After months of speculation, last month the Trump administration issued the new 30 percent year-one tariff on imported solar cells and modules. The tariffs decline over a four-year period and the first 2.5 gigawatts of imported cells are excluded in each of those four years.
While the tariff could give a boost to solar companies that manufacture cells and modules in the U.S., it will raise costs for companies making solar cells abroad, as well as companies relying on low-cost imports of solar cells and modules made outside of the U.S.
GTM Research predicts that the price of solar panels will rise by 10 cents a watt on average in the first year of the tariff. At the same time the U.S. solar industry is expected to see a net reduction in installations of 11 percent this year.
As GTM Research's MJ Shiao put it, the tariff will have a “meaningful but not destructive impact" on solar installations in the U.S.
The U.S. utility-scale solar market could see the largest decline, by close to 5 gigawatts, over the next five years as a result of the tariffs. SunPower has a large utility-scale solar power plant development business, which it is trying to move away from.
SunPower could avoid the negative effects of the tariff on its business if it can manage to convince the Trump administration to give it an exemption. Companies can apply to have certain solar products exempt from the import tariff.
SunPower said in its earnings call that it should be exempt because only it can make “a copper-plated, interdigitated back contact solar cell.” With the exclusion, the company said it would be able to invest in further research and development of that technology.
From “what we've read so far, [it] suggests that we're a good fit for exclusion. We’ll see,” said Werner.
Werner also said that if the company receives an exemption, it would likely be able to recapture the majority of the lost business.
Companies need to file for exemptions with the Office of the U.S. Trade Representative. Details of the exemption process were announced on February 14 (the day SunPower held its earnings call), and companies have 30 days to file for the exclusion. There will be another 30 days of a public comment period, and then the administration will make its decisions.
However, in case SunPower does not receive an exclusion, the company is already looking to cut costs. SunPower has also been in the process of streamlining its business and improving liquidity before the tariffs were announced to address fluctuating global solar markets.
In the run-up to the exemption decision, SunPower said it has been building up safe-harbor inventory in the U.S. It’s got at least three months' worth of tariff-free solar panels stocked. At the same time, the company has been looking to grow its international business.
One of the strategies that SunPower has used to create more liquidity has been to sell off assets. That started with the sale of SunPower’s stake in YieldCo 8point3.
The company also plans to sell its leases, which include 45,000 contracts that deliver monthly payments from 400 megawatts of rooftop solar panels. Werner said last week that SunPower hopes to close the lease sale “in the first half of this year,” and that it could generate “$200 million in cash.”
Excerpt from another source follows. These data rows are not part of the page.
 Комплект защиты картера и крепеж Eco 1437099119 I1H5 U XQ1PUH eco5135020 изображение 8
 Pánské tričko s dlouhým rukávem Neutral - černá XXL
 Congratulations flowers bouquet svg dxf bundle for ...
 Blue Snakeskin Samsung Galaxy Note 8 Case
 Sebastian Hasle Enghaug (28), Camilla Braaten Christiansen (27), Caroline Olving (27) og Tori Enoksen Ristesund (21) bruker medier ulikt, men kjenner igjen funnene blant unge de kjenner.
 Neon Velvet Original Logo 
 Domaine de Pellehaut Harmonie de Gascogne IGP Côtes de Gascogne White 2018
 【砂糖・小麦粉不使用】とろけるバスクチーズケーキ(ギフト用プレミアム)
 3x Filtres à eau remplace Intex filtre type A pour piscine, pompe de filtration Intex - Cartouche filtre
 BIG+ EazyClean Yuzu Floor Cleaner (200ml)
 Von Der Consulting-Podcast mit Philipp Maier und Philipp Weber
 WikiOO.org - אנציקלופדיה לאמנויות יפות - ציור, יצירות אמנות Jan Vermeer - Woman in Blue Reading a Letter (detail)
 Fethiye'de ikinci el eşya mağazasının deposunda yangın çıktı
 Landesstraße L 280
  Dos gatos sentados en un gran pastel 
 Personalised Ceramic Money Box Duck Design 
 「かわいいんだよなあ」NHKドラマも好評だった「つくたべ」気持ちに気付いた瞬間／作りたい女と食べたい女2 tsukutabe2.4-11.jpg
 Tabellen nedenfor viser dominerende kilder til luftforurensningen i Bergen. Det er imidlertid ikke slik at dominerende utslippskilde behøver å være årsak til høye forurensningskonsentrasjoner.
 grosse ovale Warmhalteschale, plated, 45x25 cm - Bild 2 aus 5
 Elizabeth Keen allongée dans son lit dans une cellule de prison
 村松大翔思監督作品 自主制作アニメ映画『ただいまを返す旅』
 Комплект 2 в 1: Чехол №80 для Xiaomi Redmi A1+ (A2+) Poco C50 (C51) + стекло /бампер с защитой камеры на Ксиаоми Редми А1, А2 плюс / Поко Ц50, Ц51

SunPower plans to use the proceeds from the lease sale to help pay for a $300 million convertible bond due in June. However, the leases have been estimated to hold long-term value of $1.4 billion, and SunPower was also forced to take a non-cash charge of $474 million in the fourth quarter.
Overall, Wall Street didn’t take kindly to SunPower’s earnings and cost-cutting news last week. The company’s stock dropped close to 5 percent on earnings day, though it has since rebounded.
For the fourth quarter of 2017, SunPower generated revenue of $658.1 million, down from the $1.02 billion it generated in the fourth quarter of 2016. At the same time, the solar company lost $558.7 million in the recent fourth quarter, which was more than double the loss it had of $275.1 million in the fourth quarter of 2016.
For the full year SunPower generated $1.87 billion in revenue in 2017, down from the $2.56 billion it generated in 2016. Its net loss was $851.2 million this year, which was significantly higher than its net loss of $471.1 million in 2016.
The analysts at Baird Equity Research described SunPower as facing “a transition year.”
“Although 2018 will be a transition year, we are not downgrading shares as we believe SPWR is effectively managing industry and regulatory headwinds while it ramps P Series and NGT production,” wrote Baird analysts.
Bright spots for SunPower continue to be its commercial and residential solar development businesses, and its increased use of energy storage for commercial customers. SunPower reported a 30 percent solar-plus-storage attachment rate with a project pipeline valued at $60 million.
BP's latest Energy Outlook sees peak oil on the horizon for the first time -- driven by the rise of shared and autonomous electric vehicles.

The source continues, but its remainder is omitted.